As architect Mies Van Der Rohe once stated, less is more.

This publication intends to share less, but better, information with our clients and our network in San Mateo County. With a constant acceleration of technology and news cycles, the need to remove the noise and to just share what is important is now greater than ever. What better time to create this newsletter than during this moment of reflection and deceleration? Perhaps you will find this information helpful. Your feedback is most welcome.

Our team serves 235 property owners and families on the Peninsula with the leasing, management, maintenance, and the listing and selling of their properties. We service multi-family, condominiums, single family, estates, and commercial properties. We work with individual owners, with groups of owners, with attorneys, with fiduciary services, with family offices, and with advisors. Our clients are diverse: from individual owners of one rental to multi-property family portfolios; from single beneficiary trusts to groups of investors or beneficiaries; from novices to accredited investors. And all of our clients goals are the same: diligent personal attention to property management and real estate services, and stewardship of their properties. Our local stewardship & service began in 1987. Some clients have been with us since inception and some are now with us in second or third generation.

My hope is that this concise publication gives you more: more of all the services that we provide and that you already have grown to know and love. Whether leasing & property management, listings & sales, pro formas & broker price opinions, development & usage ideas — we cover the whole spectrum, and all of the Peninsula’s real estate.
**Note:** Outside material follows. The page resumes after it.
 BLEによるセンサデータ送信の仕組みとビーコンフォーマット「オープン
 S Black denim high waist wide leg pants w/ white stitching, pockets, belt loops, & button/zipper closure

And we are always here for you.

(c) Joseph Stein 2020

Joseph Stein, Broker / President DRE01337170 Realty World Peninsula | Woodlake Anchor

broker@myregroup.com | (650) 375-0640 direct | (650) 375-1596 office | Property Management: www.woodlakeanchor.net | Real Estate Sales: www.rw650.com | 520 Peninsula Ave, San Mateo, CA 94401 | Corp. DRE01943875

Highlight:Passive Solar High Rise

(c) Joseph Stein 2020

Today’s highlight is an award-winning, passive solar high-rise project. The urban setting for this design creates a dynamic interchange between existing buildings and new architecture, juxtaposing the main high rise against perimeter buildings and the urban fabric. At 240 feet height, the slender floor plan is clad in a dual window / triple glazing envelope with air space that works as a conduit for natural ventilation in the summer (removing solar heat gains) as well as a warming buffer during the winter. The glass enclosed elevator shaft creates a visible landmark both during the day as well as at night. Winning a coveted design award in 1998, its clean architecture, energy concept, and passive solar design is still forward-looking in 2020. [© Joseph Stein, design by the author.]